「フリーライダー」という言葉がある。実はこの言葉は昨年末に「音学校」で行った「アーティスト・ファースト・マネジメント・ゼミ」でも取り上げたキーワードのひとつだ。意味は「ただ乗り」。つまり「様々なコストを支払わずに、社会政治システムの恩恵だけを受け取ろうとする人たち」である。

注意が必要なのは、ここで言うコストとは、いわゆる金銭的な費用負担のことだけではない。また、社会福祉の援助の対象になる人たちのことを指しているのでもない。それは、たとえば投票や、環境問題への取り組みなどへの不参加・不協力もその対象になる概念なのだ。投票に参加しないことは既存の社会政治システムへの「ただ乗り」であるし、明らかに人々が生活していく環境にとって有害であるとされる問題に対して、そのことを知っていながら、すべて他人任せ、あるいは問題解決のために共同して行うべき必要な行動を「面倒くさい」と忌避することも「ただ乗り」なのである。また、知識や情報として「これは問題がある」と思っていても、自分はなんら行動を起こさず、成り行きに任せるという態度もフリーライダーである。さらに、いかに金持ちで高額納税者であろうと、脱税すればもちろんだが、その状態を支えるために存在するいくつもの社会システムやその歴史的経緯、人的資源に対する還元と貢献がなければ、やはりフリーライダーと言えるだろう。

この問題を提唱したM.L.オルソンは、フリーライダーを近代市民社会の秩序を壊す要因のひとつとして警鐘を鳴らした。個人が自分の利益を追求することを最優先とする功利主義においては、むしろフリーライダーとなることを選択することが正解となってしまう面がある。なぜなら、その方が得だからだ。いくらかは教育・啓蒙活動を通じてそれを阻止することはできるだろうが、個人主義(自由主義)と功利主義だけを前提にすれば、仮に社会の共同性・協力の必要性を認識していたとしても、フリーライダーはどうしても増加してしまうのだ。(少し話はずれてしまうが、全ての社会運動は、このことへの問題意識がなければ拡大していかないと思う。)

この問題は最近かなり顕著になってきているように思える。嘘だらけの政治家からのメッセージが、日本だけでなくアメリカ大統領選でも大量に投下された。これは、ネット上のデマや、ニセ科学・インチキ医療なんかでもよくあることだが、「嘘をつくコストの方が、それが嘘だと証明するコストより安い」ということが原因の一つだろう。つまり、フリーライダーの問題と同じく、個人が自分の利益を追求することを最優先とする功利主義においては、むしろそれは方法論としては正解になってしまうのだ。

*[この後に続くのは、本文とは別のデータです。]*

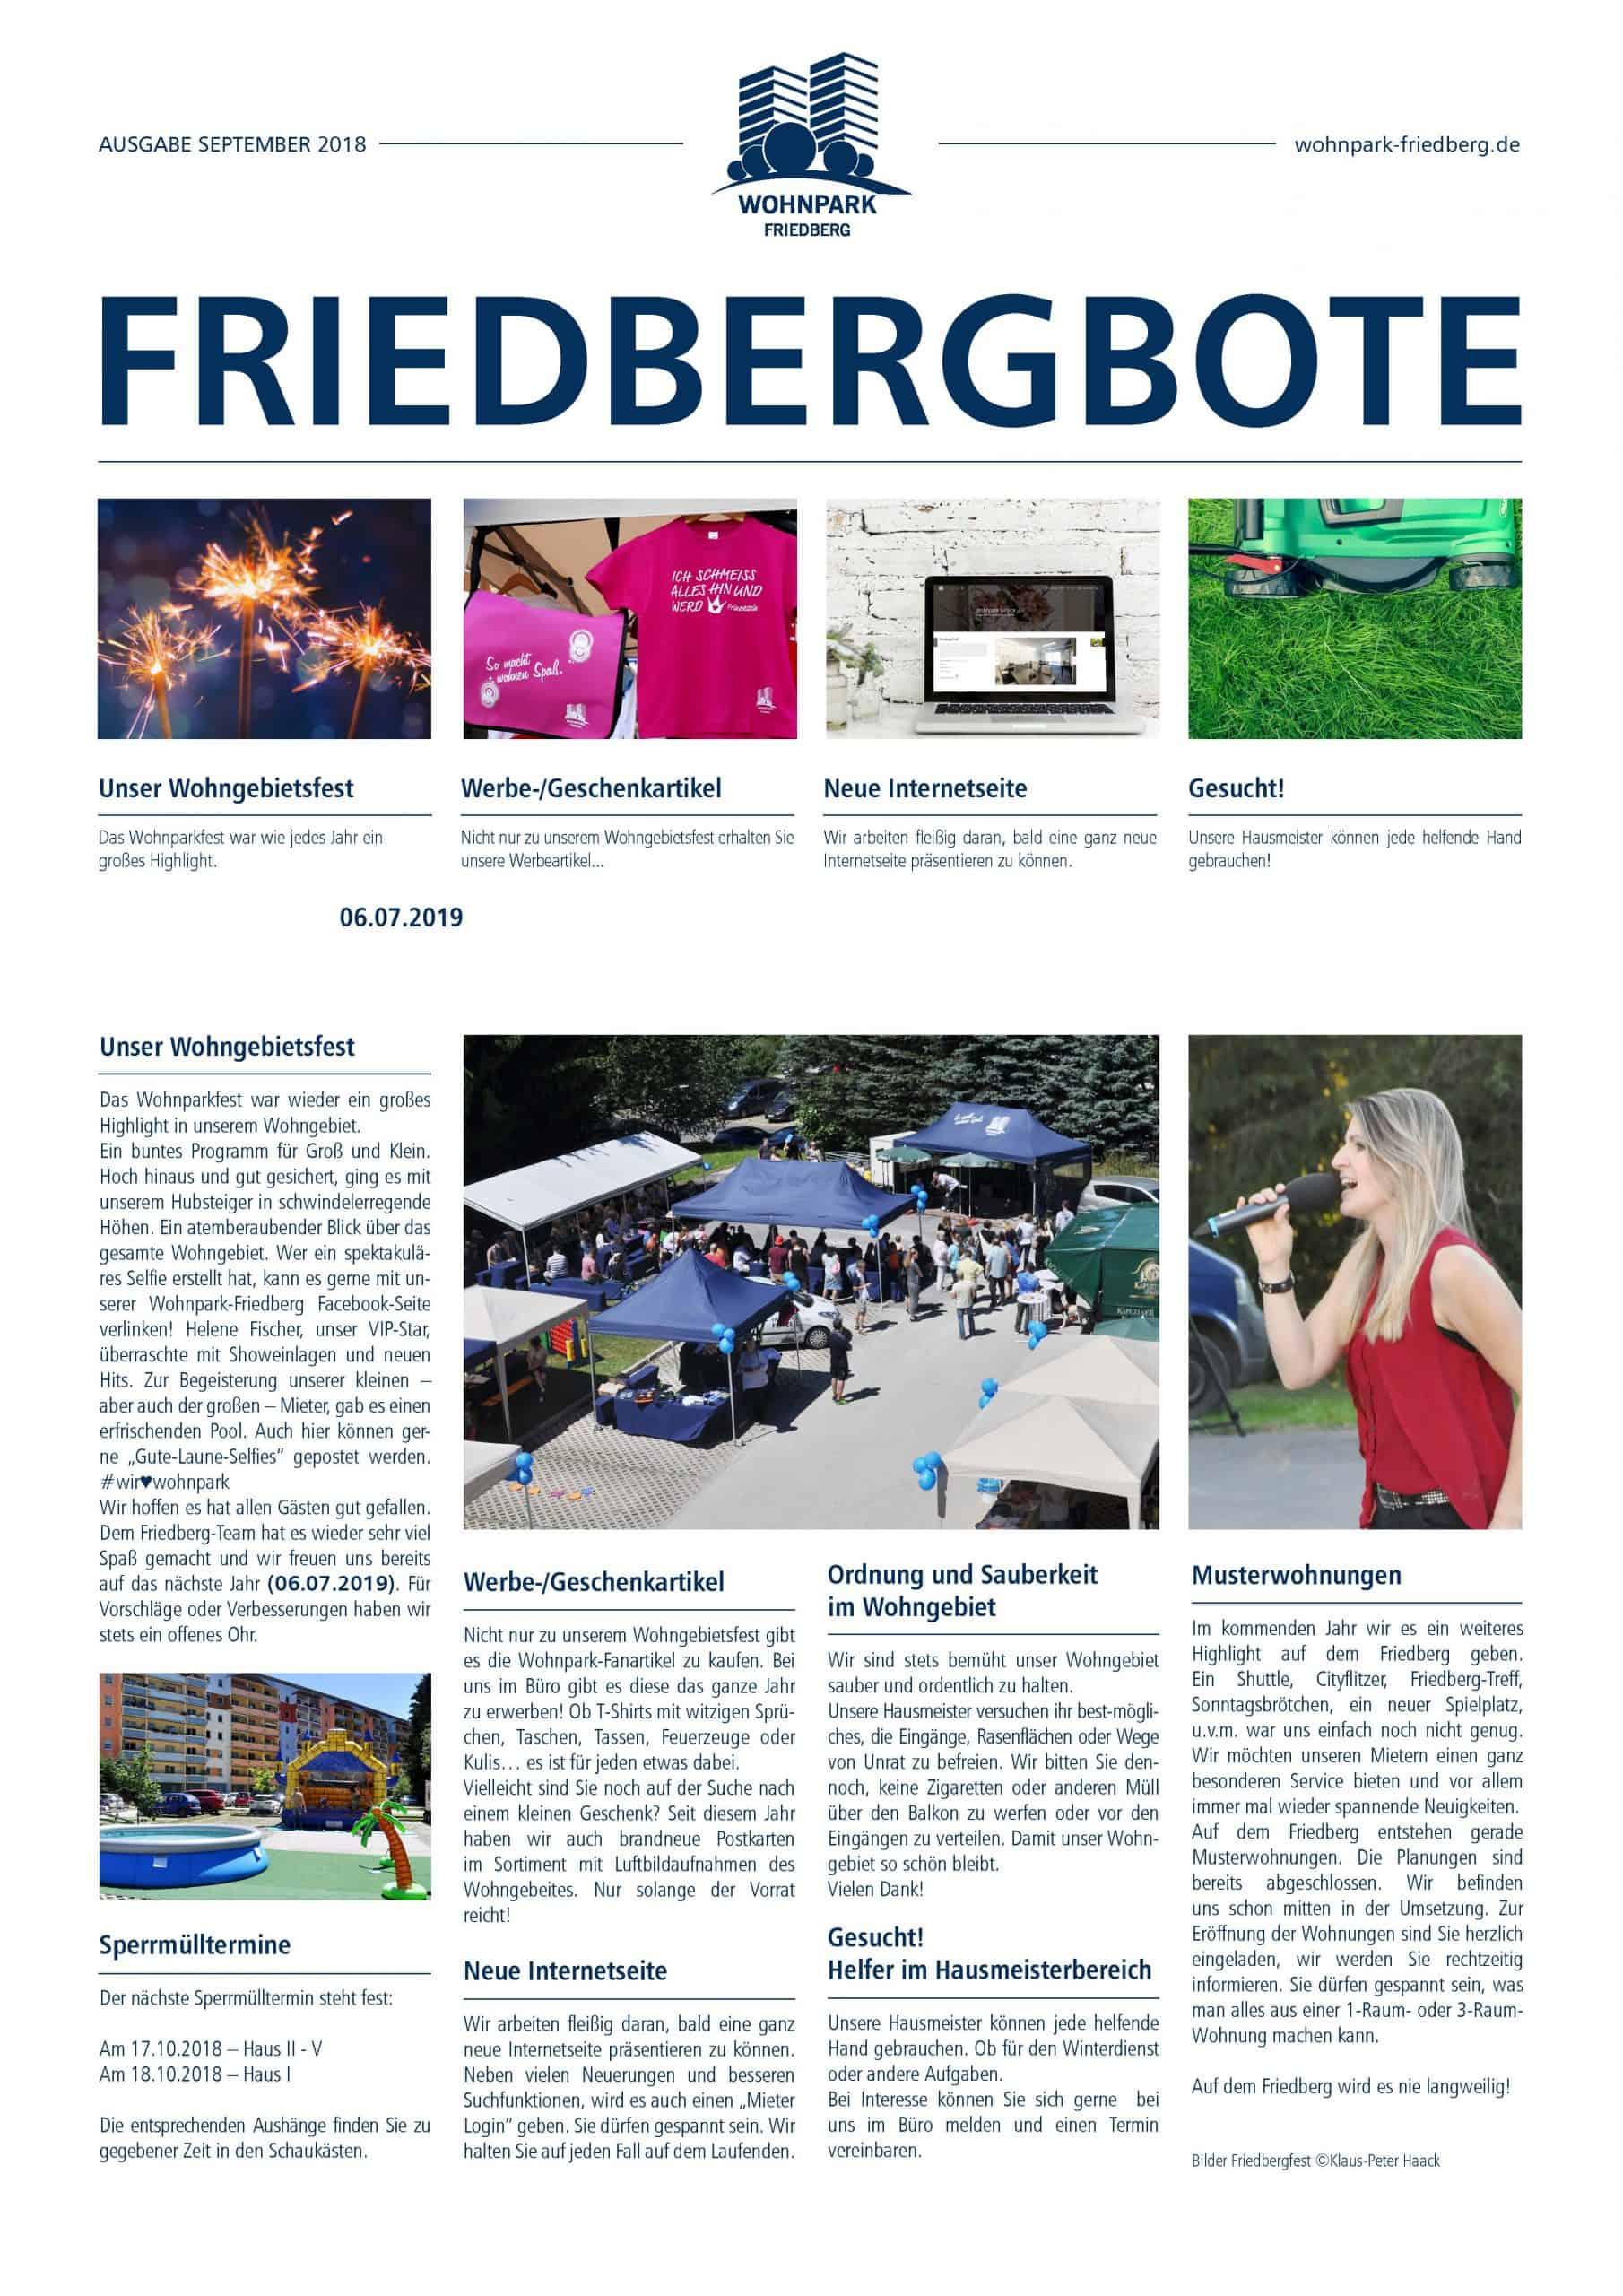 Friedbergbote – September 2018

ただ、個人の利益追求が間違った方向に進めば、社会自体が崩壊するので元も子もない、ということになってしまうはずなのだけど、そこまでの「長期にわたる時間感覚と想像力」が欠如しているところが、もしかするとこれらの問題の共通点なのかもしれない。目先の利益を追求して、長い目で見たときにはとんでもないことになってしまうかもしれない、ということへの想像力の欠如、あるいは「自分は関係ない」「自分は別の階級いるから平気」という楽観的な考えかもしれない。また、これは未来につながる時間軸に対する想像力だけでなく、過去から積み上げてきた時間軸への想像力の問題でもある。僕が新年の挨拶として書いたようなことであるが、今「すべての人々」がこのようにして生きていることは、これまでの積み重ねがあってのことであり、個を尊重することと、無数の個が積み上げてきた価値を尊重することは、両立しなければならないのだ

先のオルソンは、このフリーライダーを克服する方法には、精神的価値を報酬として活用することが必要と指摘している。このことはシンプルな結論ではあるが、実に深い。そして、これは現在の音楽をめぐる様々な問題を解決していくためには、やはりとても重要なことなのだ。それについては、講座の中で、もしくはあらためてじっくりと書ける機会があればそこで提案してみたいと思う。